Francesco Barbaro (1390–1454) was an Italian politician, diplomat, and humanist from Venice and a member of the patrician Barbaro family. He is interred in the Church of the Frari, Venice.

== Family and education ==
Francesco Barbaro was the son of Candiano Barbaro, uncle of Ermolao Barbaro, grandfather of the younger Ermolao Barbaro, and great-great grandfather of Marcantonio Barbaro and Daniele Barbaro. Francesco's father died in 1391 and Francesco was raised by his older brother Zaccaria. In 1419, Franceso married Maria Loredan, daughter of Procurator Pietro Loredan. Francesco and Maria had five daughters and one son, Zaccaria Barbaro, who was born in 1422.

Francesco Barbaro was a student at the University of Padua and studied under John of Ravenna, Gasparino Barzizza, Vittorino da Feltre, Guarino Veronese, and Giovanni Conversini.

== Career ==
In 1419, Barbaro was appointed senator of the Republic of Venice. He was elected governor of Como in 1421, though he declined the post. Later that year he accepted the governorship of Trivigi. He served as governor of Vicenza in 1423, of Bergamo in 1430, and of Verona in 1434.

In 1426 Barbaro was sent as a special envoy to the Papal Court to try to persuade Pope Martin V to ally with Venice against Milan. In 1428, the Pope assembled a congress at Ferrara, which ended the war, with Francesco Barbaro being one of Venice’s representatives there. That year Barbaro also served as ambassador in Ferrara and Florence. In 1433, Barbaro represented Venice at the court Emperor Sigismund in Bohemia, where he and the other envoys were knighted by the Emperor. At Emperor Sigismund’s request, Francesco Barbaro attempted to soothe relations between the Emperor and the Hussites. Eugenius IV also employed Barbaro in his negotiations with the Emperor.

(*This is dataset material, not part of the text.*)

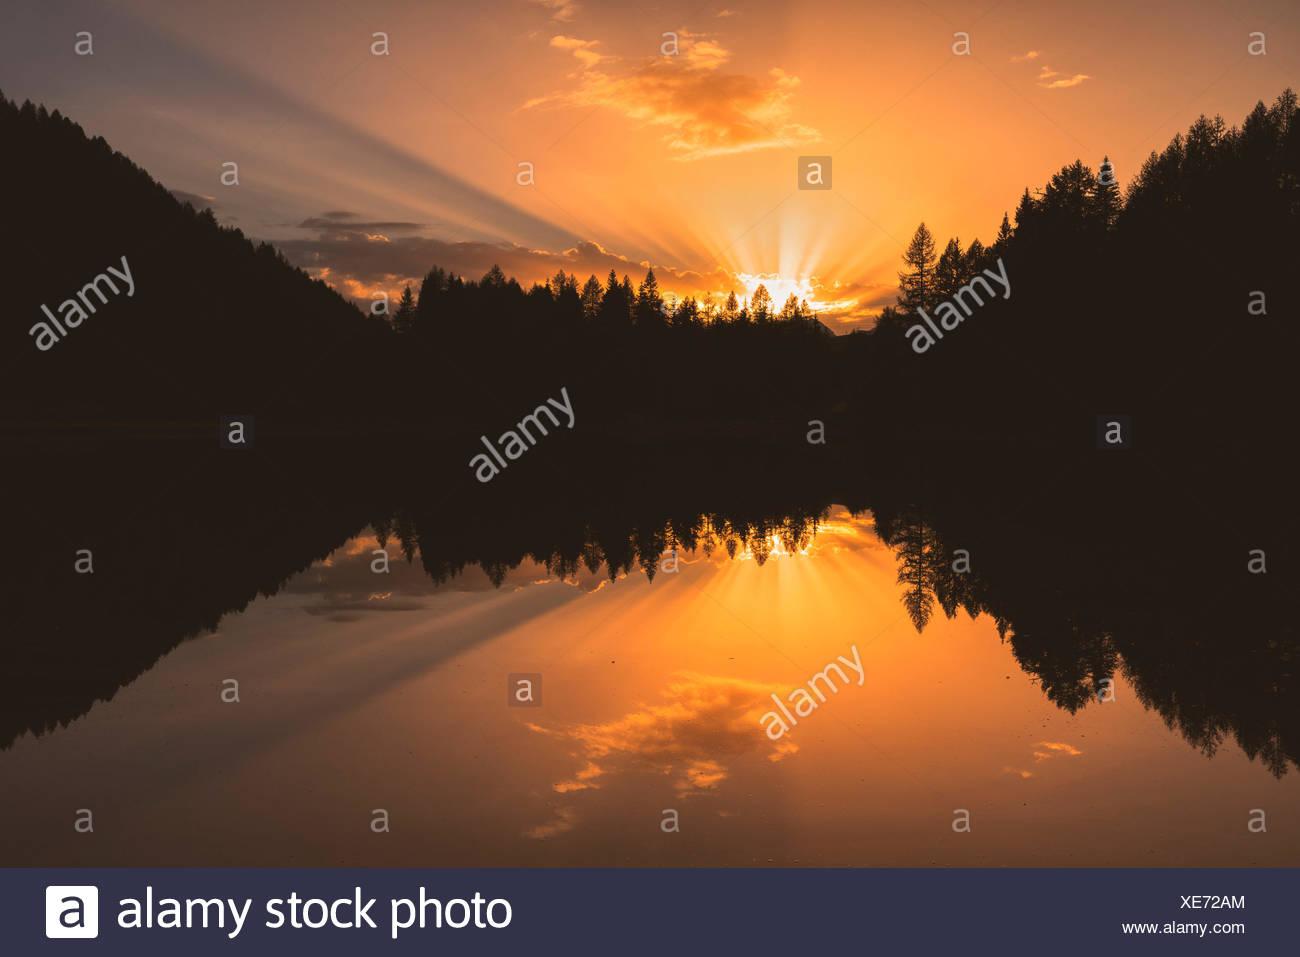 Europe, Italy, Trentino Alto Adige, Moena, Dolomites, the alpine lake of San Pellegrino. Stock Photo

Barbaro served as Venetian ambassador to Mantua in 1443, Ferrara in 1444, and Milan in 1446.

As governor of Brescia, from 1437 to 1440, Francesco Barbaro was able to reconcile the two rival factions of Avogadri and Martinenghi and he attained a great reputation in his defense of the city against the forces of the Duke of Milan, led by Niccolò Piccinino. Barbaro's success was commemorated by Giovanni Battista Tiepolo in his painting The Glorification of the Barbaro Family. Barbaro was succeeded as Captain of Brescia by his brother-in-law Giacomo Loredan.

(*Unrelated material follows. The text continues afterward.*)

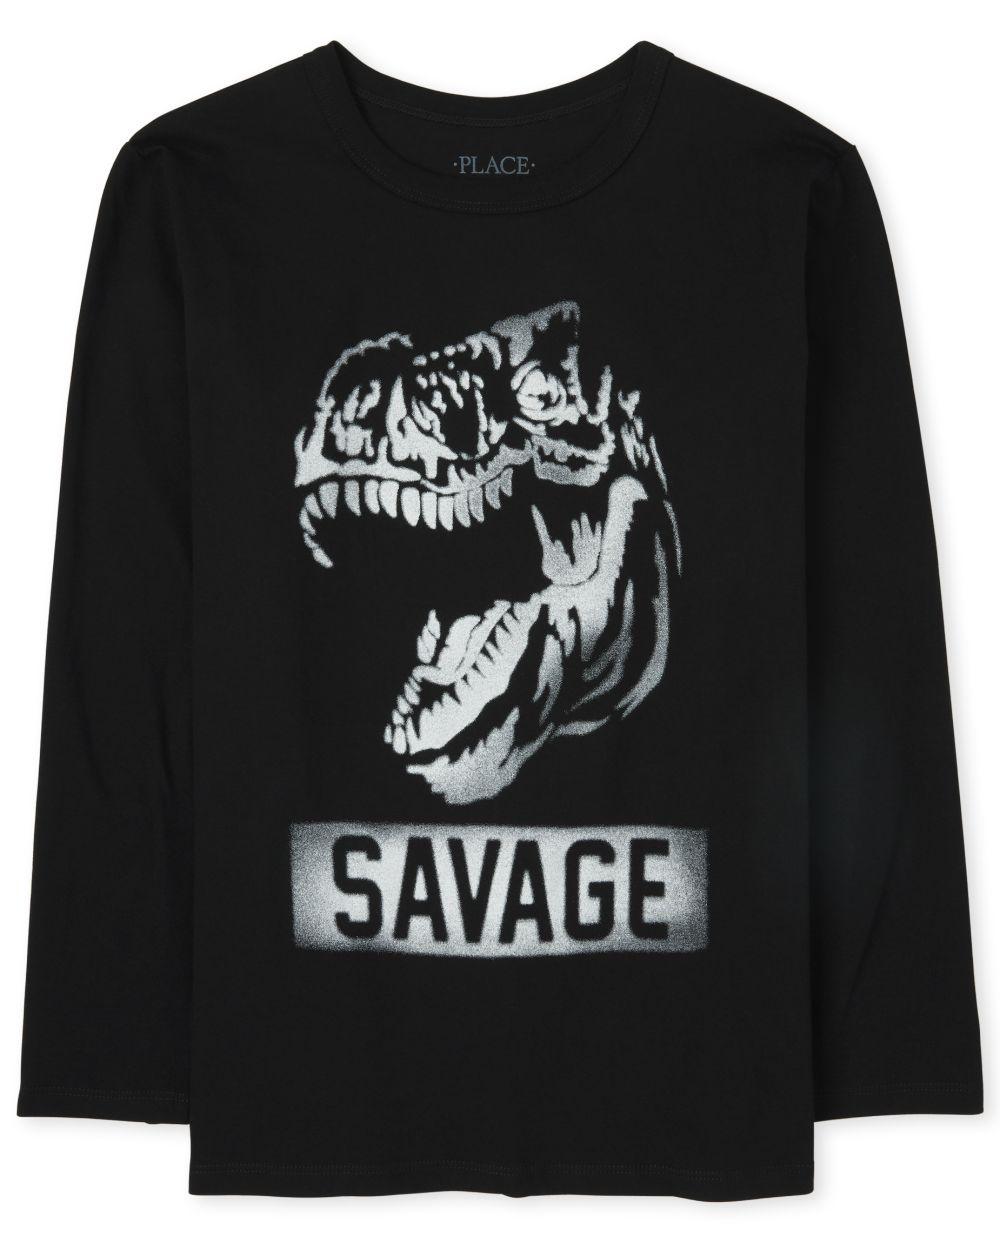 Boys Dino Savage Graphic Tee - Black T-Shirt

Francesco Barbaro was governor of Verona again in 1441, and later was appointed governor of Padua and Governor General of Friuli in 1445. In 1444 he arbitrated a border dispute between the cities of Verona and Vicenza. He finally returned to Venice as a state councilor and was elected Procurator of St Mark's in 1452. Francesco Barbaro also served as Luogotenente of Friuli from 1448 to 1449.
In 1453, Barbaro's friend, Filippo da Rimini, serving as chancellor of Venetian Corfu, sent him an account of the fall of Constantinople. When Barbaro died the following year, da Rimini delivered a funeral oration.

== Writings ==
Barbaro engaged in research, collection and translation of ancient manuscripts and served as a patron to George of Trebizond and Flavio Biondo.

Early in his career, he translated two of Plutarch’s Lives, those of Aristides and Cato from Greek texts into Latin and dedicated them to his older brother Zaccaria.

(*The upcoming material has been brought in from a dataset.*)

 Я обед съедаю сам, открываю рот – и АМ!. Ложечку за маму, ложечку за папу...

He wrote a treatise on marriage, De re uxoria, in 1415 to celebrate the marriage of Lorenzo de' Medici and Ginevra Cavalcanti. It was inspired by ancient Latin and Greek sources, and he wrote it in just 25 days. In 1513, the treatise was published in Paris by Badius Ascensius, a transcription having been made in Verona by André Tiraqueau at the house of Guarino Veronese. A French translation was made by Martin du Pin in 1537. The work was translated into Italian by Alberto Lollio in 1548. The Latin version was reprinted in Paris in 1560 and again in Amsterdam in 1639. In 1667, another French translation was made by Claude Joly under the title L'Etat du Marriage. Another Italian translation was made in 1785 as A Scelta Della Moglie.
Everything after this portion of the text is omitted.